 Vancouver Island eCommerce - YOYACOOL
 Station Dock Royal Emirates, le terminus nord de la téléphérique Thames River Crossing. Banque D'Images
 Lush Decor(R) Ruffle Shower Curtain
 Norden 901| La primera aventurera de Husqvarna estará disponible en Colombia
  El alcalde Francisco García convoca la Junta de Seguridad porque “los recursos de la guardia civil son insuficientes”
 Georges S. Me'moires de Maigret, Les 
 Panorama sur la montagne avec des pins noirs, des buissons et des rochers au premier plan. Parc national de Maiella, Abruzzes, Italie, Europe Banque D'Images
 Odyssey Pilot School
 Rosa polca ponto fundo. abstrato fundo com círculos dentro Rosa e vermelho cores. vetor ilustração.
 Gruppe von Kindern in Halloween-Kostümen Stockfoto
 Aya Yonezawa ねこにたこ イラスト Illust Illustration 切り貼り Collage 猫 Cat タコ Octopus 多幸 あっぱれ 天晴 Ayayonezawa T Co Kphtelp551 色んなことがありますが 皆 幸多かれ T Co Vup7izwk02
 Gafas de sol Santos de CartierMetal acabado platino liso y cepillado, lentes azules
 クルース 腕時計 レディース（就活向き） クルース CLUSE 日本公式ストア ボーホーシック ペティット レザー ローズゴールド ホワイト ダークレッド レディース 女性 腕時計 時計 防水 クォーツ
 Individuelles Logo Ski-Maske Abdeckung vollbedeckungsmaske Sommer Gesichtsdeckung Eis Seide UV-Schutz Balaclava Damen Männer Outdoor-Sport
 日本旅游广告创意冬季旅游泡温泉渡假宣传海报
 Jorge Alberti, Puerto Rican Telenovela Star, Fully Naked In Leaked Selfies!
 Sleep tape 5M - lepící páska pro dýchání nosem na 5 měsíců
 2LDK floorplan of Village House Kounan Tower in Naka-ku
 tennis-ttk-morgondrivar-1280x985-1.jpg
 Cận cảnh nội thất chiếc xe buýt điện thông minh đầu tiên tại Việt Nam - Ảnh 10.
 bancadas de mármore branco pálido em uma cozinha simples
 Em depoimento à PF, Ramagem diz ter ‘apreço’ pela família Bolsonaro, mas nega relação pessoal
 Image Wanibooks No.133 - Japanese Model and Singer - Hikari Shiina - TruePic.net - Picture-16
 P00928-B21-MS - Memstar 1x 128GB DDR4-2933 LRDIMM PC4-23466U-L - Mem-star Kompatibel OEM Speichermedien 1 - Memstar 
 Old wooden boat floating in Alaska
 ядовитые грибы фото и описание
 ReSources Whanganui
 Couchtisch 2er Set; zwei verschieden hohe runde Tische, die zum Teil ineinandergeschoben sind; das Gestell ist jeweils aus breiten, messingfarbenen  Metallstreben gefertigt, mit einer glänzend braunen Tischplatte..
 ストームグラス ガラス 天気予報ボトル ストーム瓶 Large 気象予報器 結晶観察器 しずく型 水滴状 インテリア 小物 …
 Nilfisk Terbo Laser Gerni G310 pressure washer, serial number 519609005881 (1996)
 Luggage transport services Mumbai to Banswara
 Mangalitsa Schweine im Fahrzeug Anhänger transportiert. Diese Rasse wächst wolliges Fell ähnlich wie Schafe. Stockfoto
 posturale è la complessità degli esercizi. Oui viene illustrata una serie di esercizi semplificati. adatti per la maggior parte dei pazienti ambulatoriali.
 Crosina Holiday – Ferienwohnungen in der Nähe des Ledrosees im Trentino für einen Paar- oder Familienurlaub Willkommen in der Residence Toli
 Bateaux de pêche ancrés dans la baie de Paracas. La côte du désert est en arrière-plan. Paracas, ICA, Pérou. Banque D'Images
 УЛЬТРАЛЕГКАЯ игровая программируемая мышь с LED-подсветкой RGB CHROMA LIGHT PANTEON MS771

☆ ☆ ☆ ☆ ☆

* Description of the task:
Retype all the records above without changing a word.

* Reply:
 Vancouver Island eCommerce - YOYACOOL
 Station Dock Royal Emirates, le terminus nord de la téléphérique Thames River Crossing. Banque D'Images
 Lush Decor(R) Ruffle Shower Curtain
 Norden 901| La primera aventurera de Husqvarna estará disponible en Colombia
  El alcalde Francisco García convoca la Junta de Seguridad porque “los recursos de la guardia civil son insuficientes”
 Georges S. Me'moires de Maigret, Les 
 Panorama sur la montagne avec des pins noirs, des buissons et des rochers au premier plan. Parc national de Maiella, Abruzzes, Italie, Europe Banque D'Images
 Odyssey Pilot School
 Rosa polca ponto fundo. abstrato fundo com círculos dentro Rosa e vermelho cores. vetor ilustração.
 Gruppe von Kindern in Halloween-Kostümen Stockfoto
 Aya Yonezawa ねこにたこ イラスト Illust Illustration 切り貼り Collage 猫 Cat タコ Octopus 多幸 あっぱれ 天晴 Ayayonezawa T Co Kphtelp551 色んなことがありますが 皆 幸多かれ T Co Vup7izwk02
 Gafas de sol Santos de CartierMetal acabado platino liso y cepillado, lentes azules
 クルース 腕時計 レディース（就活向き） クルース CLUSE 日本公式ストア ボーホーシック ペティット レザー ローズゴールド ホワイト ダークレッド レディース 女性 腕時計 時計 防水 クォーツ
 Individuelles Logo Ski-Maske Abdeckung vollbedeckungsmaske Sommer Gesichtsdeckung Eis Seide UV-Schutz Balaclava Damen Männer Outdoor-Sport
 日本旅游广告创意冬季旅游泡温泉渡假宣传海报
 Jorge Alberti, Puerto Rican Telenovela Star, Fully Naked In Leaked Selfies!
 Sleep tape 5M - lepící páska pro dýchání nosem na 5 měsíců
 2LDK floorplan of Village House Kounan Tower in Naka-ku
 tennis-ttk-morgondrivar-1280x985-1.jpg
 Cận cảnh nội thất chiếc xe buýt điện thông minh đầu tiên tại Việt Nam - Ảnh 10.
 bancadas de mármore branco pálido em uma cozinha simples
 Em depoimento à PF, Ramagem diz ter ‘apreço’ pela família Bolsonaro, mas nega relação pessoal
 Image Wanibooks No.133 - Japanese Model and Singer - Hikari Shiina - TruePic.net - Picture-16
 P00928-B21-MS - Memstar 1x 128GB DDR4-2933 LRDIMM PC4-23466U-L - Mem-star Kompatibel OEM Speichermedien 1 - Memstar 
 Old wooden boat floating in Alaska
 ядовитые грибы фото и описание
 ReSources Whanganui
 Couchtisch 2er Set; zwei verschieden hohe runde Tische, die zum Teil ineinandergeschoben sind; das Gestell ist jeweils aus breiten, messingfarbenen  Metallstreben gefertigt, mit einer glänzend braunen Tischplatte..
 ストームグラス ガラス 天気予報ボトル ストーム瓶 Large 気象予報器 結晶観察器 しずく型 水滴状 インテリア 小物 …
 Nilfisk Terbo Laser Gerni G310 pressure washer, serial number 519609005881 (1996)
 Luggage transport services Mumbai to Banswara
 Mangalitsa Schweine im Fahrzeug Anhänger transportiert. Diese Rasse wächst wolliges Fell ähnlich wie Schafe. Stockfoto
 posturale è la complessità degli esercizi. Oui viene illustrata una serie di esercizi semplificati. adatti per la maggior parte dei pazienti ambulatoriali.
 Crosina Holiday – Ferienwohnungen in der Nähe des Ledrosees im Trentino für einen Paar- oder Familienurlaub Willkommen in der Residence Toli
 Bateaux de pêche ancrés dans la baie de Paracas. La côte du désert est en arrière-plan. Paracas, ICA, Pérou. Banque D'Images
 УЛЬТРАЛЕГКАЯ игровая программируемая мышь с LED-подсветкой RGB CHROMA LIGHT PANTEON MS771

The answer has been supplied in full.